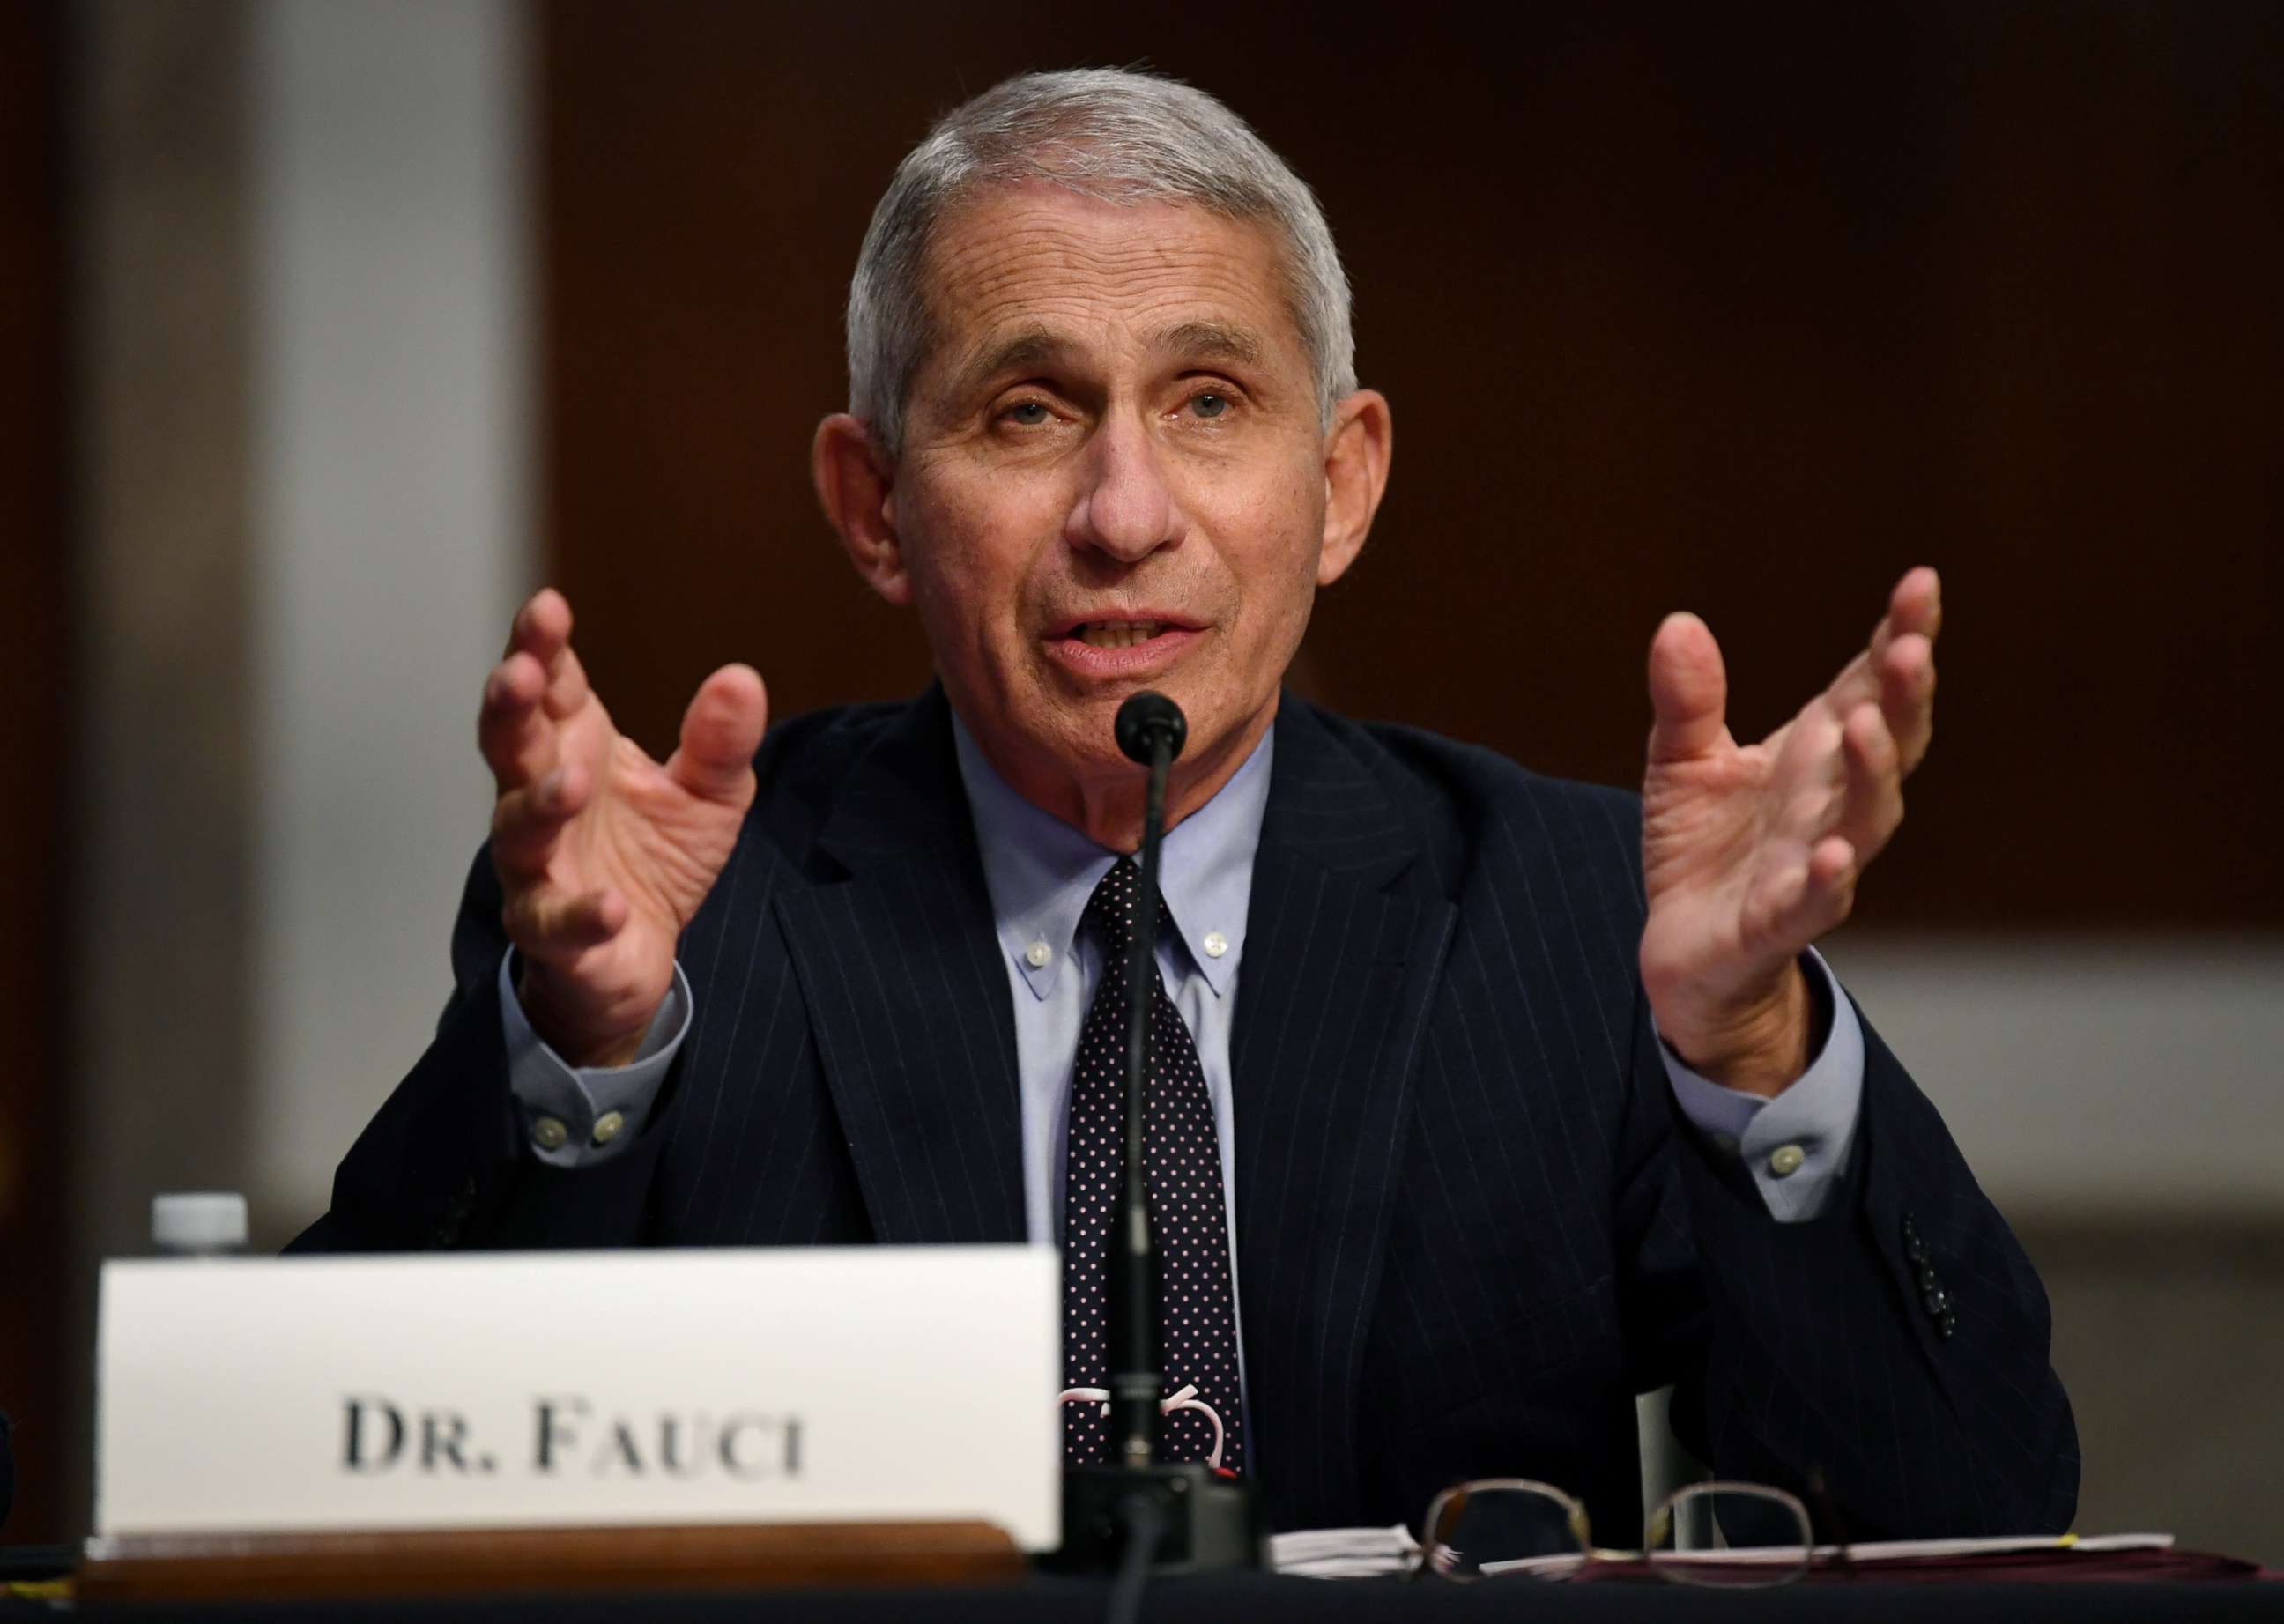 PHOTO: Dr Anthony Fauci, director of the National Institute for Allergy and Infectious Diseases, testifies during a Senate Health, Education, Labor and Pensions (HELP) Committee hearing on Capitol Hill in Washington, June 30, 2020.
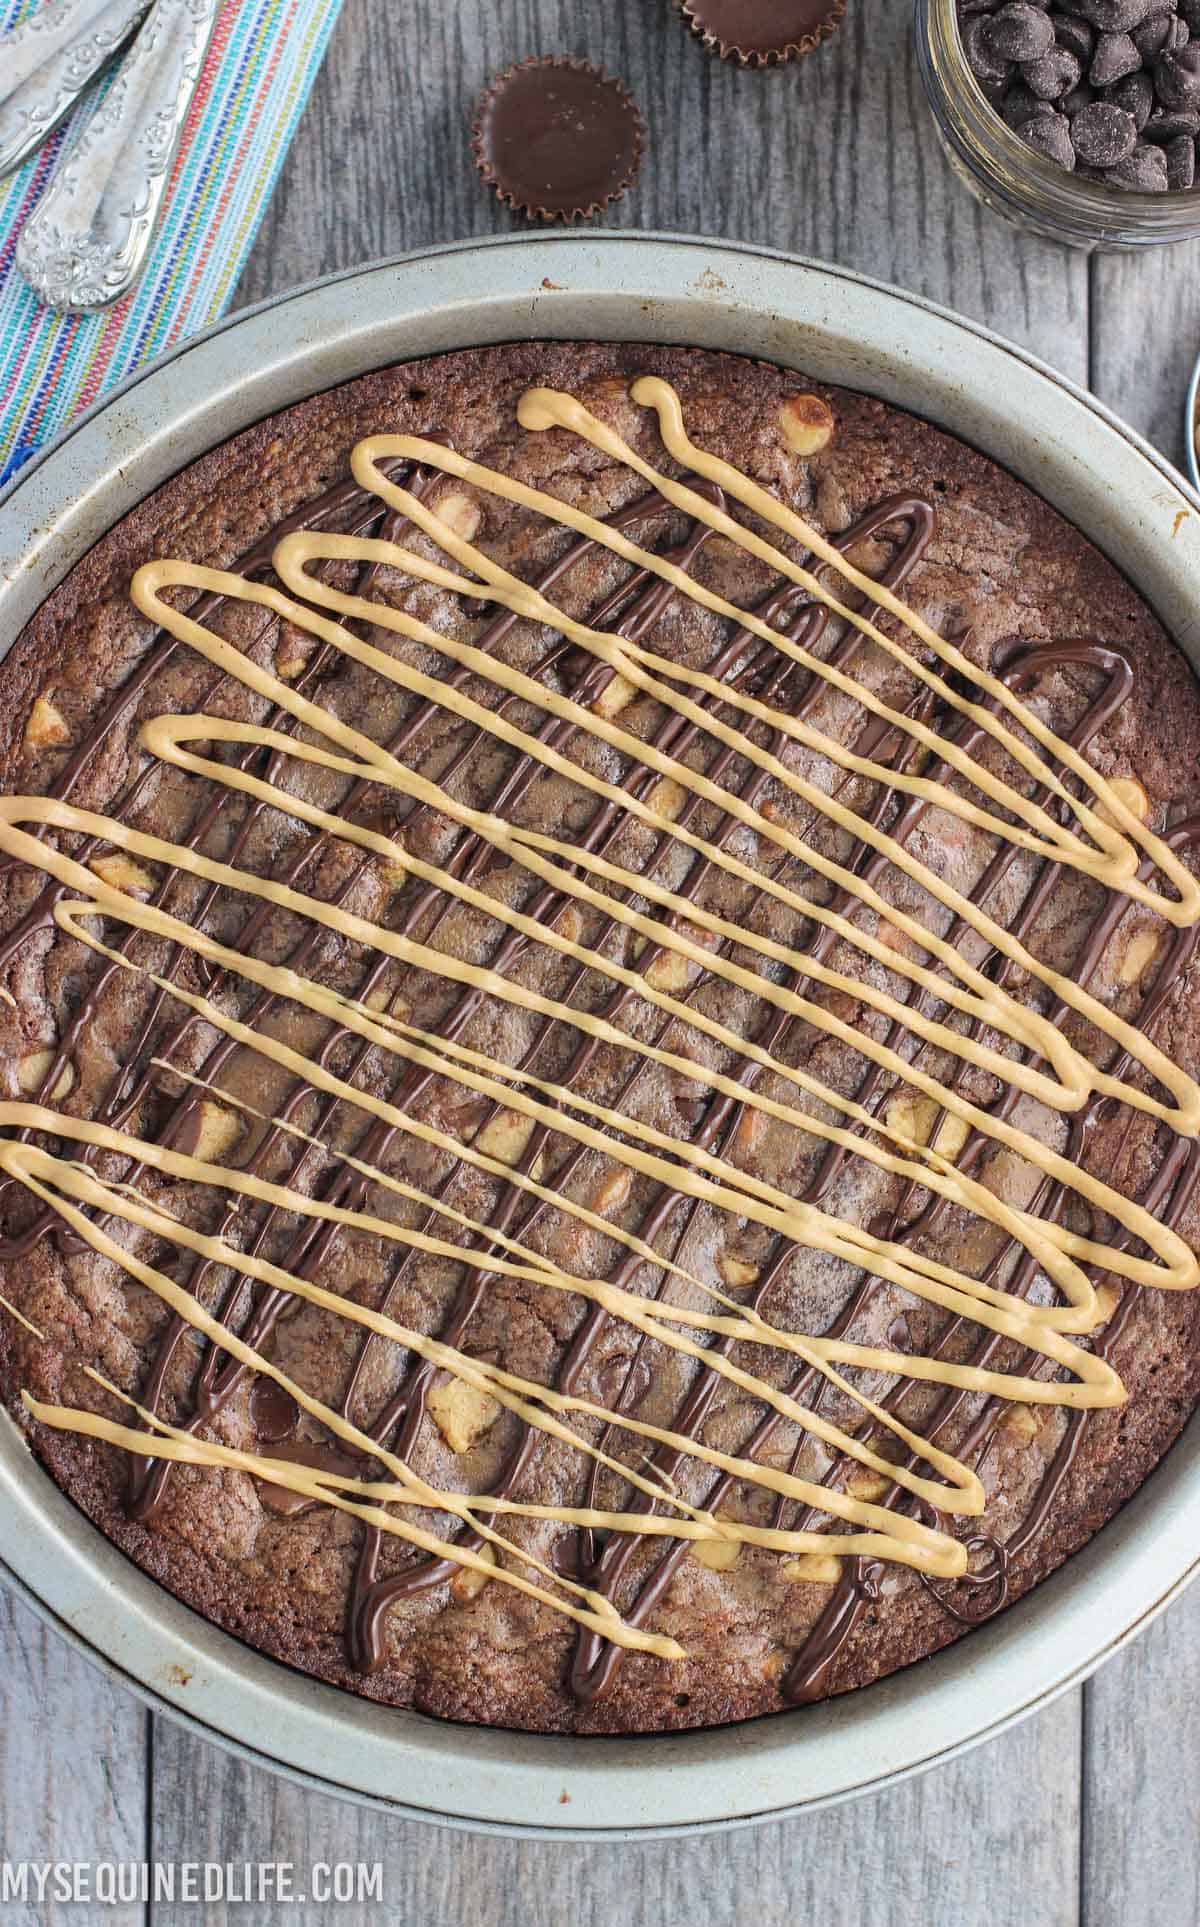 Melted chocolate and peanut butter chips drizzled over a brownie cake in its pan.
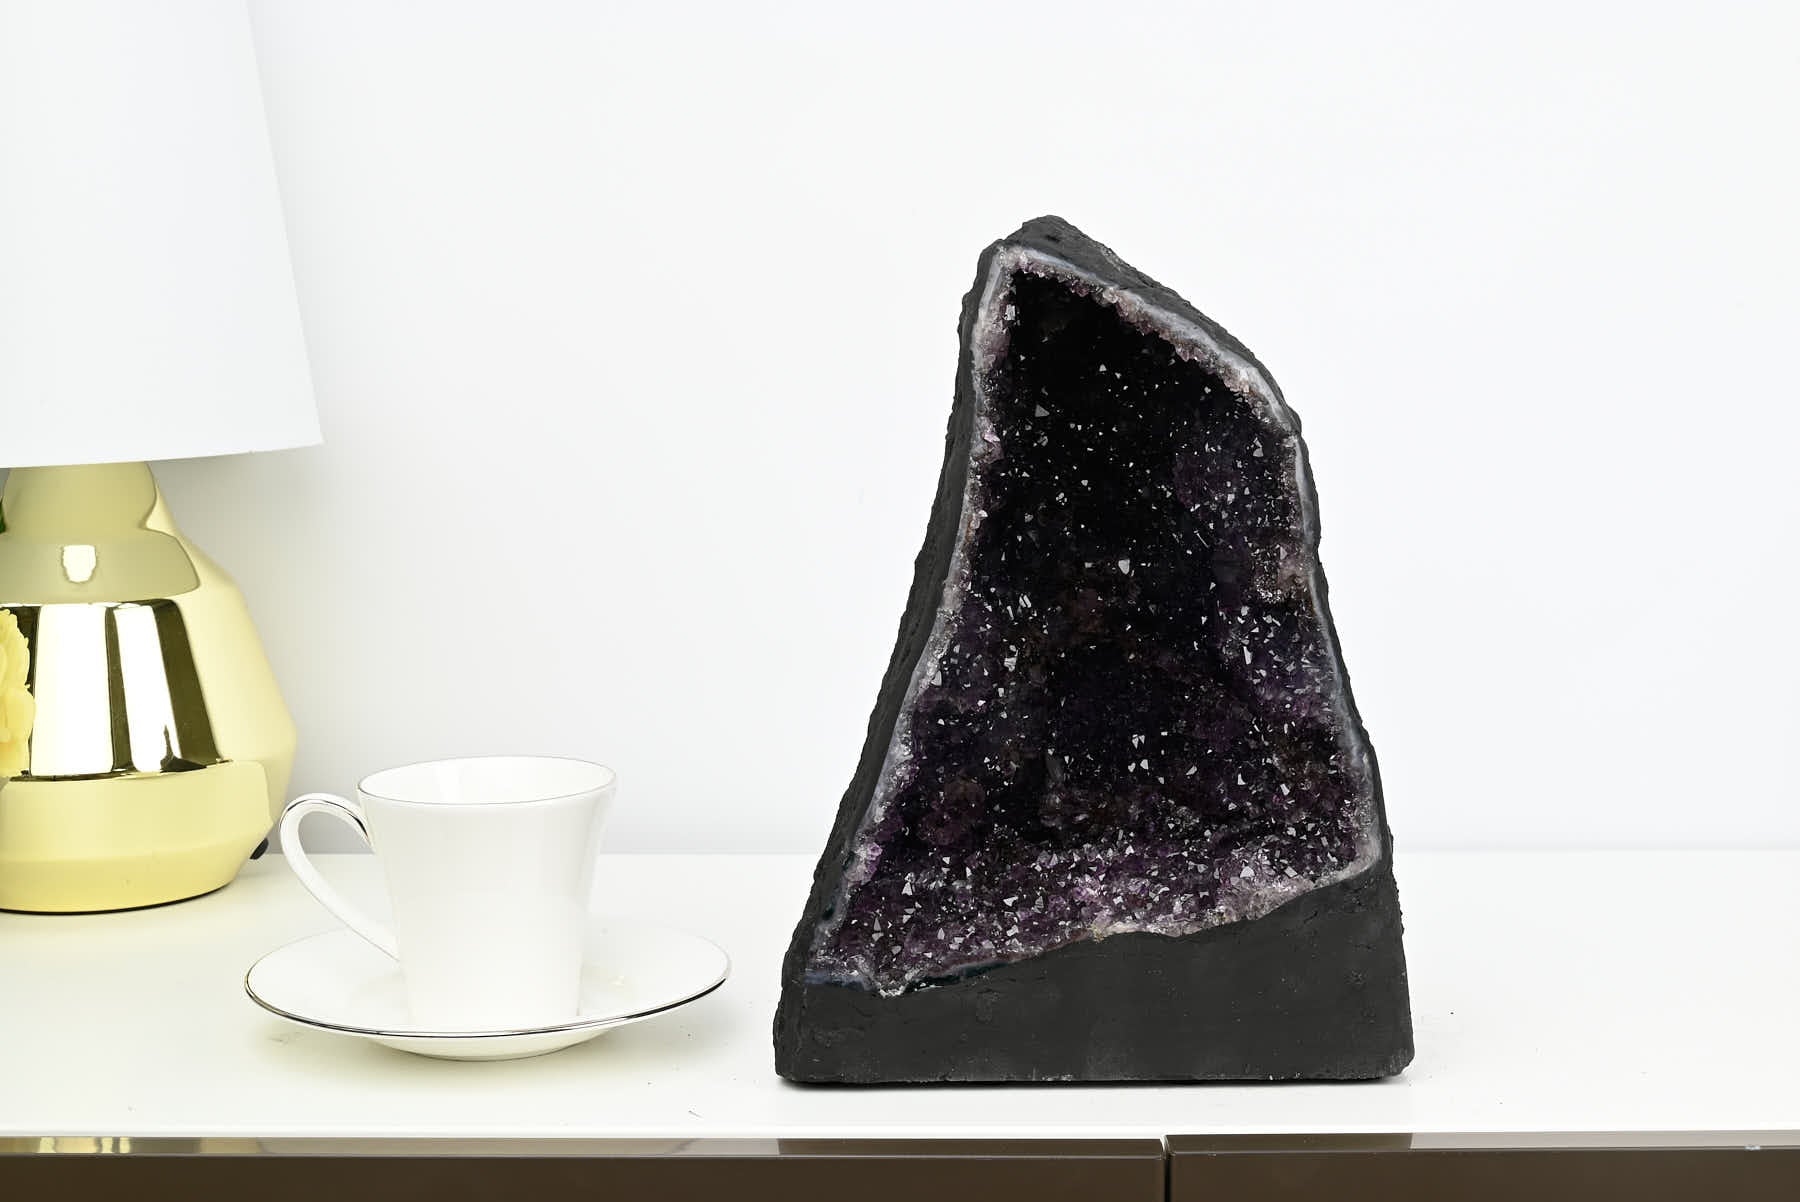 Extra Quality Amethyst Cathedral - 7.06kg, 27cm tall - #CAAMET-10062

- Instructions for the task -
Reproduce each line above exactly, but not a single picture.

- Exercise response -
 PHOTO: Dr Anthony Fauci, director of the National Institute for Allergy and Infectious Diseases, testifies during a Senate Health, Education, Labor and Pensions (HELP) Committee hearing on Capitol Hill in Washington, June 30, 2020.
 Melted chocolate and peanut butter chips drizzled over a brownie cake in its pan.
 Extra Quality Amethyst Cathedral - 7.06kg, 27cm tall - #CAAMET-10062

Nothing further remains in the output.